Громов: Хозяин теней 5 - Екатерина Насута
Внутри было сумрачно. Свет в коридор проникал, но одного оконца было явно недостаточно. Только и хватало, что разглядеть узкую трубу и пару дверей по обе стороны. А не одна палата тут.
— Свет включи, — велел Николя.
— Так… на кой? День же ж.
— Темно.
— В палате посветлей будет…
— Свет, — я дёрнул Тьму и та, поднявшись, невидимая для человека, дыхнула в его лицо холодом. Афанасий икнул и попятился, наткнулся на стену, прижался к ней. — И чтоб сегодня же петли смазал, ясно?
В ответ он лишь перекрестился да молитву забормотал.

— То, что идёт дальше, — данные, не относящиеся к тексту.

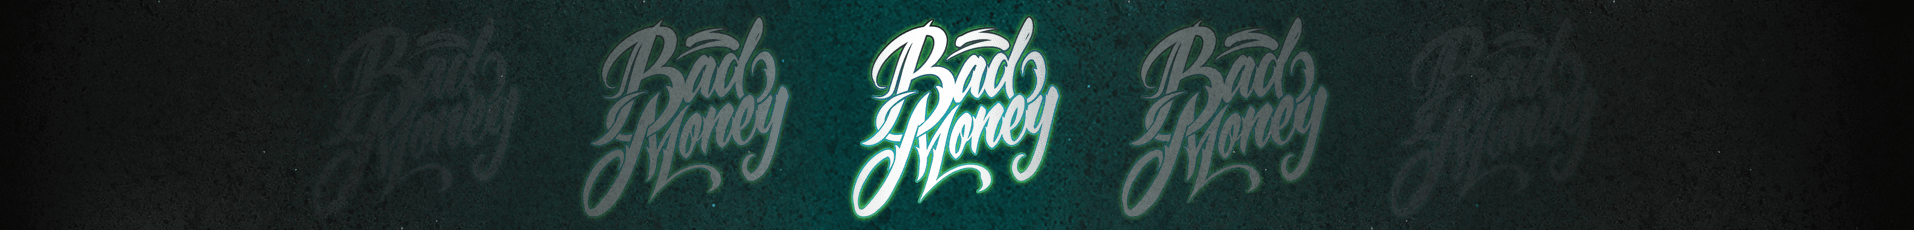 badmoney banner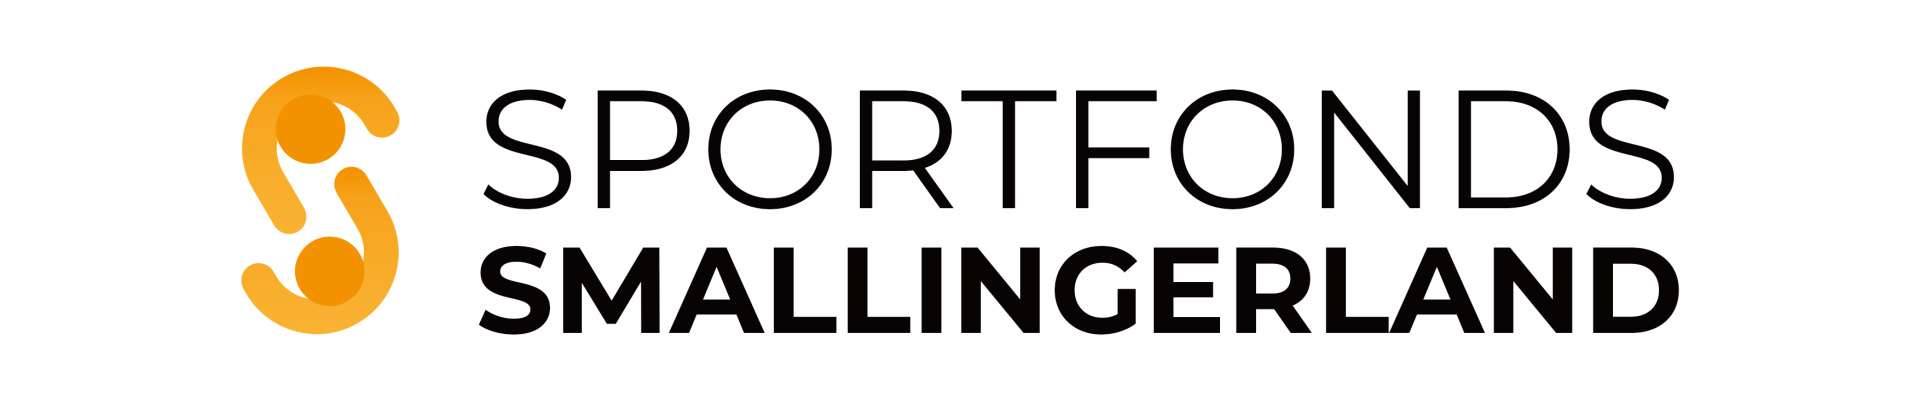 Sportfonds logo website.jpg

— И ведь смажет же, — Николя покачал головой и зажмурился, когда под потолком вспыхнули лампы. Следом и дверь заскрежетала. — Небось, побежал сразу… и это грустно. Очень.
— Почему?
— Хотелось бы от людей сознательности, понимания. Я ведь не требую больше, нежели он должен сделать, но мои слова он вроде и слышит, да только те слова для него — сотрясание воздуха, не более. И начинаешь задумываться, неужто правы те, кто говорит, что народ понимает лишь язык грубой силы.
— Не знаю, — честно ответил я. — Народ разный есть.

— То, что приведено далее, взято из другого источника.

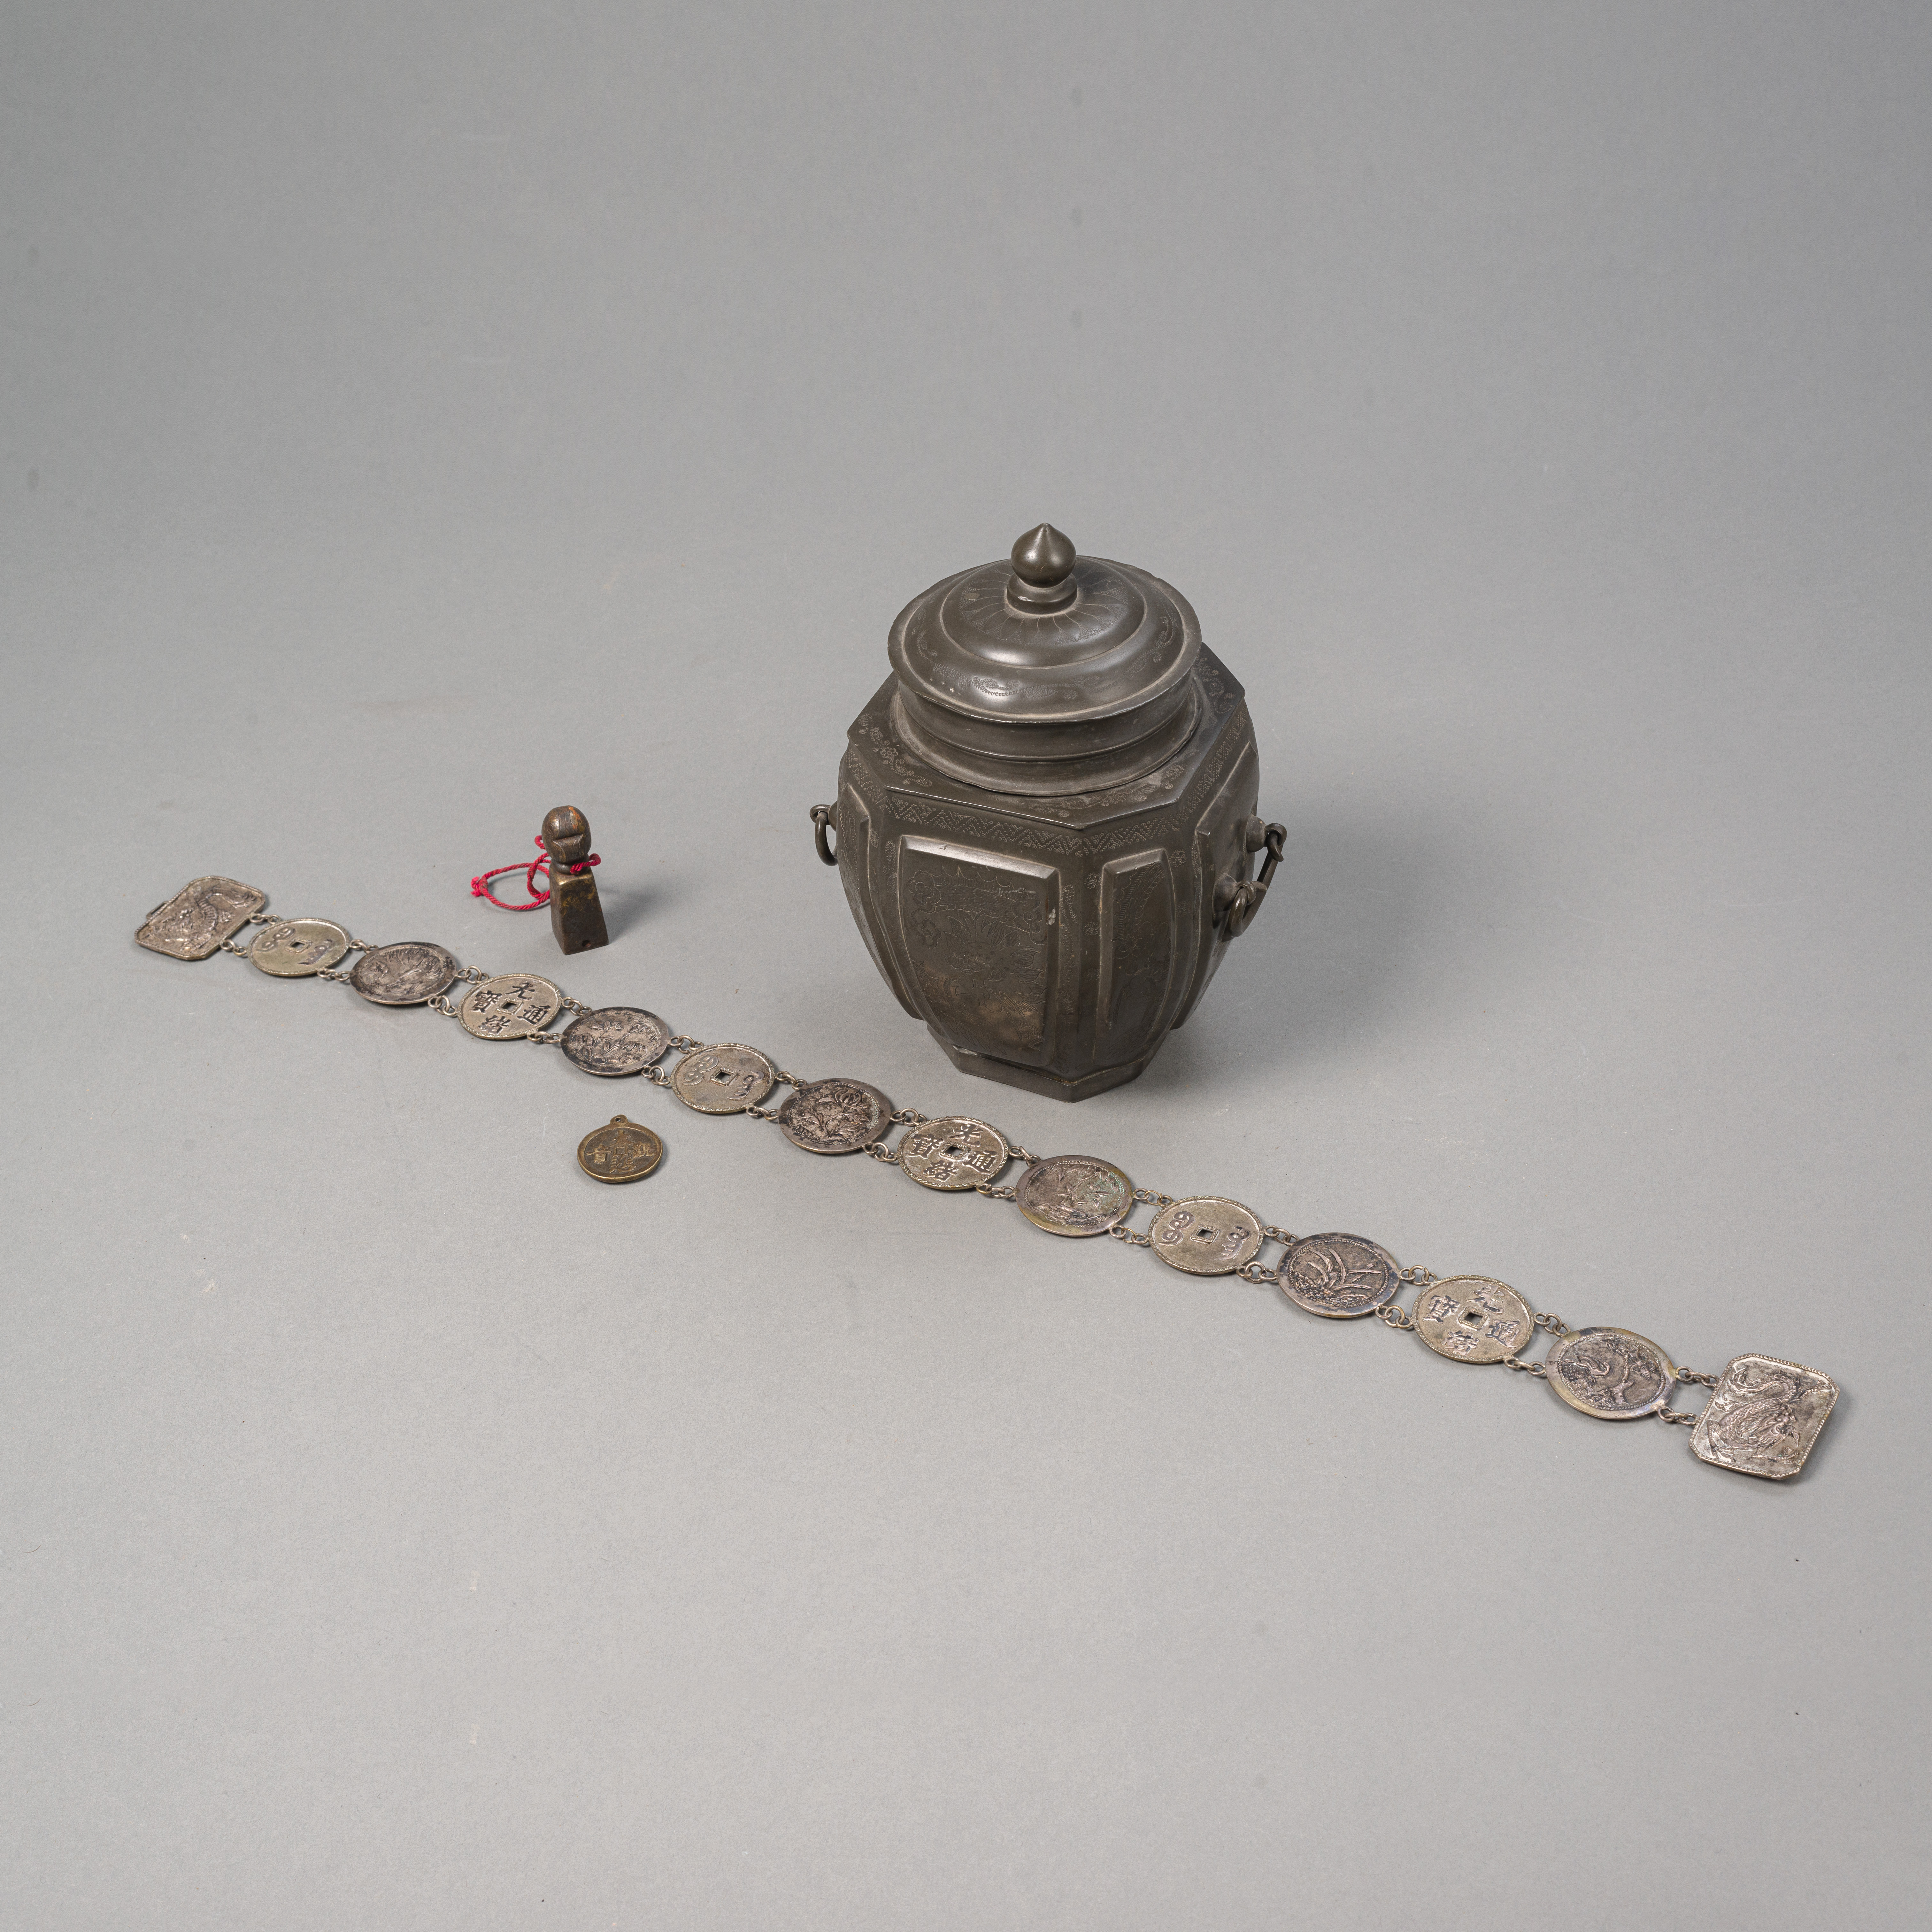 Zinn-Deckeldose, Münzen-Silberblechgürtel, Medaillon-Anhänger und Siegel

— Погодите, тут вот… недалеко. Пока пациент один, однако вряд ли это надолго… так вот, Богдан… я и сам не понял, как стал частью его компании. Или правильнее сказать, круга? Меня приняли. И весьма доброжелательно… да, доброжелательно и это не было притворством. Любой хороший целитель может понять истинное к нему отношение.
А вот этого я не знал. Надо будет запомнить.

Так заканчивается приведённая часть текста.